WARNING: YOUR SIGNATURE ON A HARD COPY OF THIS AGREEMENT IS NOT REQUIRED IN ORDER FOR THE AGREEMENT TO BE LEGALLY BINDING ON YOU. YOUR USE OF THE SERVICE OR THE SOFTWARE SHALL CONSTITUTE A VIRTUAL SIGNATURE, HAVING THE SAME FORCE AND EFFECT AS IF YOU HAD ACTUALLY SIGNED A HARD COPY OF THIS AGREEMENT.


HoloNet PARENTAL CONSENT

WARNING: THE FOLLOWING PARENTAL CONSENT MUST BE SIGNED BY THE PARENT OR GUARDIAN OF ANYONE UNDER THE AGE OF 18 IN ORDER TO OBTAIN RIGHTS UNDER THE FOREGOING AGREEMENT.

The undersigned parent or legal guardian of _____________________, a minor, hereby consents to the use of the Service by such minor. The undersigned agrees to be responsible for such minor's use of the Service (in accordance with the accompanying Agreement) and to pay all charges incurred by such minor's use of the Service.

In signing this Parental Consent, parent acknowledges that certain materials which may be obtained as a result of connection to the Service may not be suitable for review by minors.

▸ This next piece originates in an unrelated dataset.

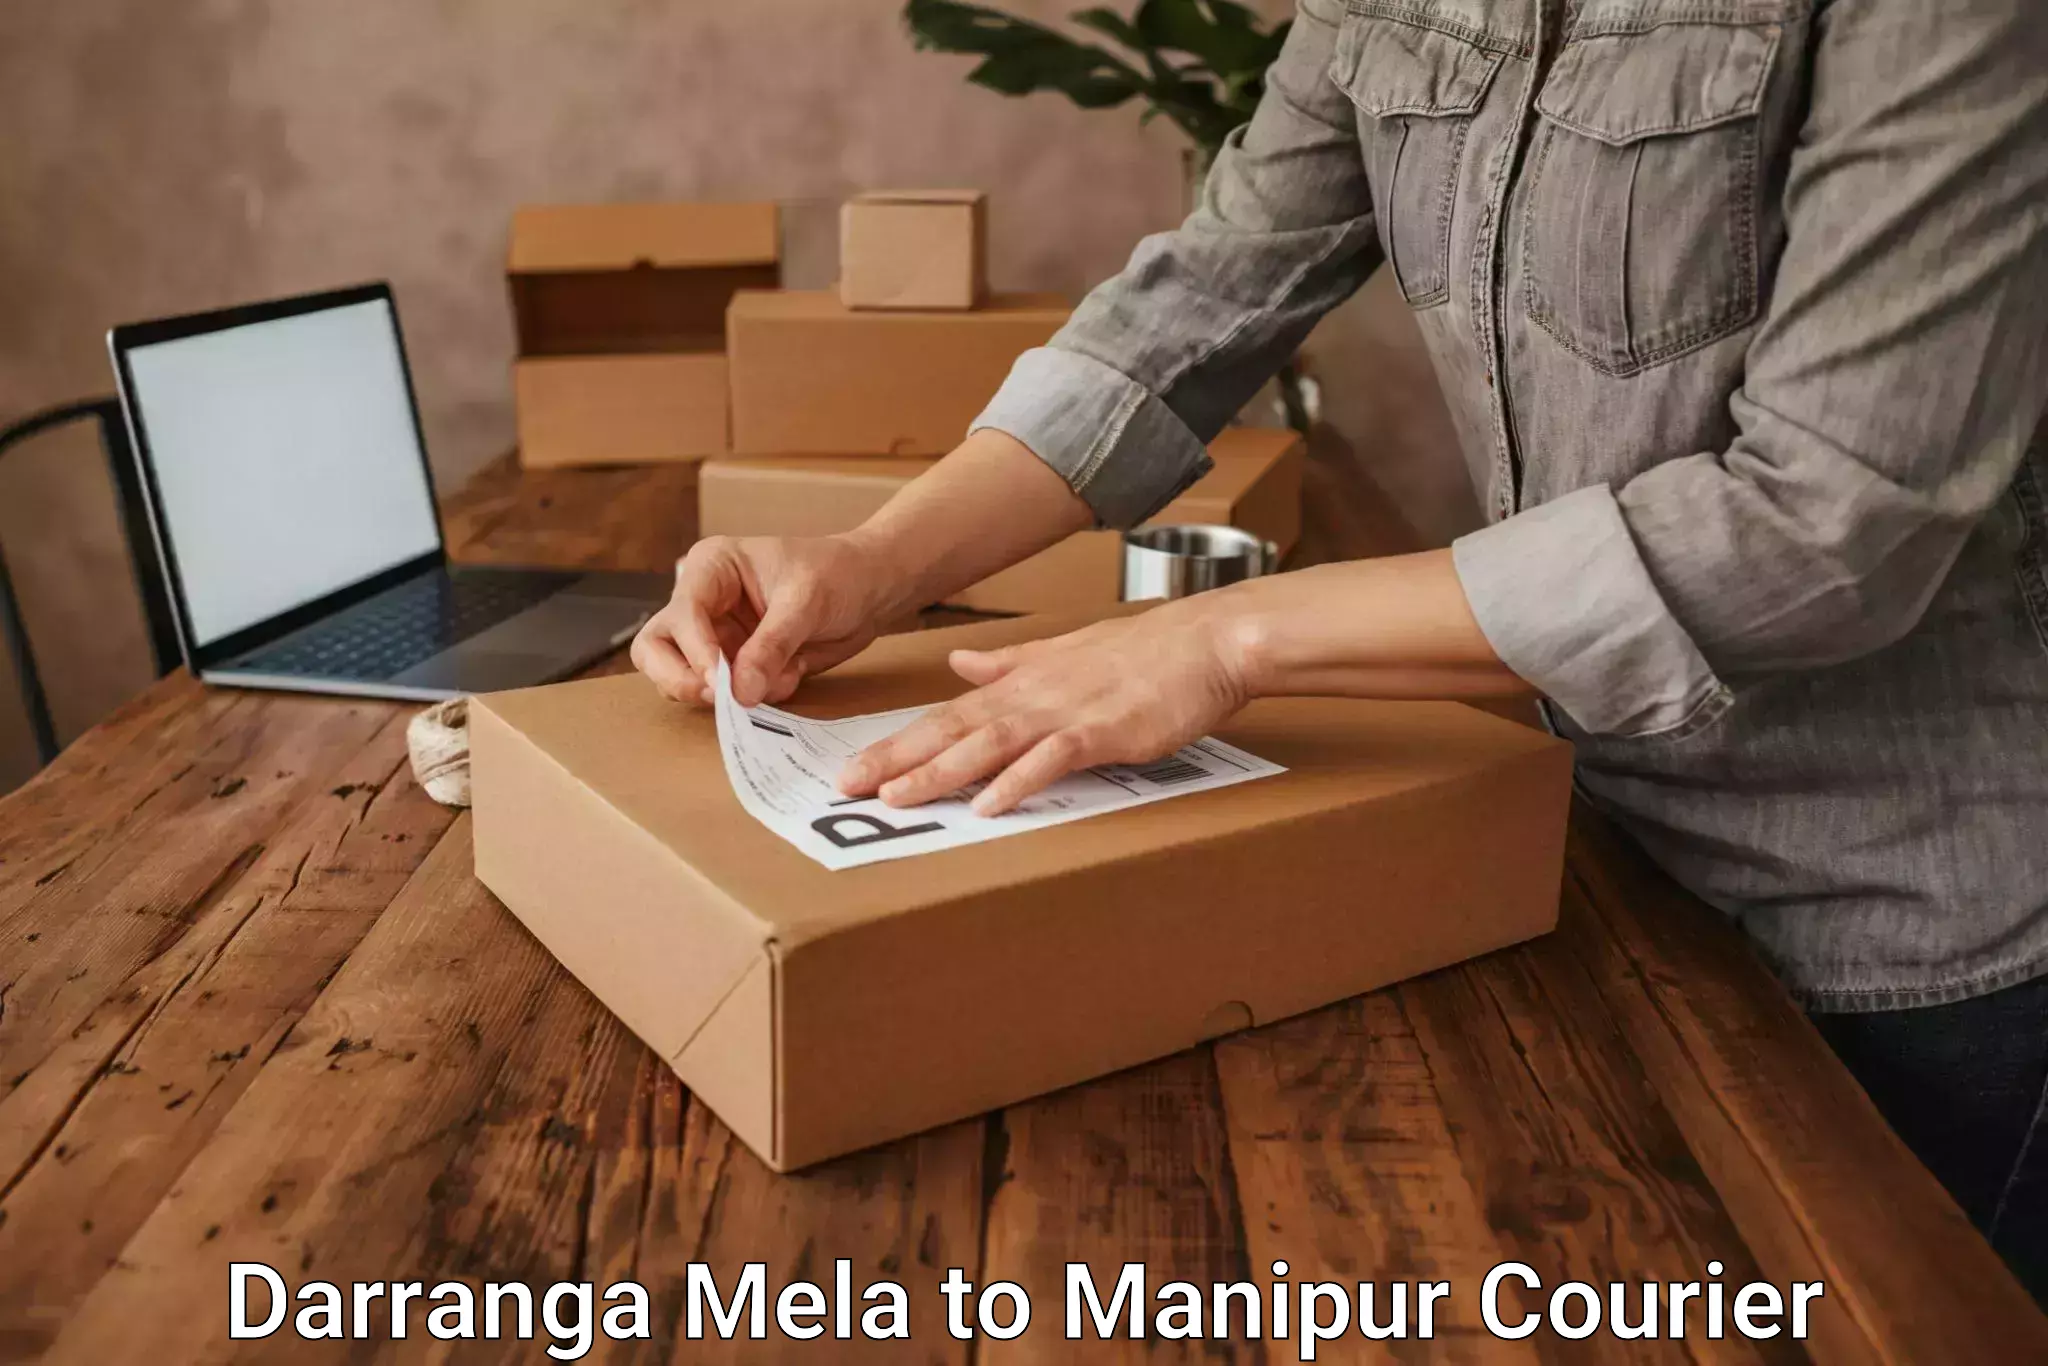 Reliable delivery network in Darranga Mela to Senapati

Parental Signature _______________________________  Date ________________

        Print Name _______________________________


HoloNet STANDARD SOFTWARE LICENSE & WARRANTY

  1. GRANT OF LICENSE. IAT grants to you the personal, nontransferable, non-exclusive right to use the IAT Software (the "Software") embedded in the Product and accompanying documentation, subject to the following conditions and limitations:

    1. PERSONAL LICENSE (SINGLE USER)

      If you have purchased or have been granted a single user license,

      YOU MAY: (I) Install the software on only one (1) terminal or workstation of a single computer or its replacement, for use solely by yourself for the purpose of gatewaying information between you and one network or other multi-user arrangement located at a single site; (II) make one (1) copy of the Software in machine readable form solely for backup purposes, provided that you reproduce all proprietary notices on the copy; (III) physically transfer the Software from one computer to another, provided that the Software is used on only one computer at a time; (IV) install the software onto a permanent storage device, such as a hard disk, for use by you on your computer.

      YOU MAY NOT: (I) Use the Software on more than one computer terminal or workstation at a time; (II) sub-license, rent, lease, time-share, resell for profit, modify, translate, reverse engineer, decompile, disassemble (or otherwise reduce to human readable form), derive source code, create derivative works based on, copy (except for the backup copy of the software), electronically transfer, network, or otherwise distribute the Software or the accompanying documentation; (III) sell, rent, transfer, distribute or grant any rights in the Software in any form to any person without the prior written consent of IAT; (IV) remove any proprietary notices or marks on the Software or the accompanying packaging or written materials; or (V) use or transfer the software, or any copy thereof, in whole or in part, except as expressly allowed by this license or except as permitted by the Copyright Act of the United States, Title 17, United States Code (hereinafter "The Act") and the Bern Convention. Under the law, copying includes translation into another language or format. In no event shall two or more persons use the Software at the same time.

    2. MULTI-USER LICENSE

      If you have purchased or have been granted a Multi-User License, the terms of the Personal License shall apply except that the Software may be installed on a network or other multi-user arrangement. The maximum number of users and sites allowable shall be determined by the pricing in existence on your date of purchase (or by any IAT distribution agreement under which you have been granted a right to multi-use, if any).

  2. RIGHTS RESERVED. Except as to the limited right of use granted in Paragraph 1 above, all other rights in the Software (including any backup copies made by you) and in the associated documentation shall remain solely with IAT. These may include know-how, trade secret, trademark, copyright, patent, inventions, international treaty and other rights as applicable. All rights not expressly granted herein are reserved by IAT. This license is not a sale. IAT reserves the right to revise this Software and documentation without obligation to notify any person of such revision.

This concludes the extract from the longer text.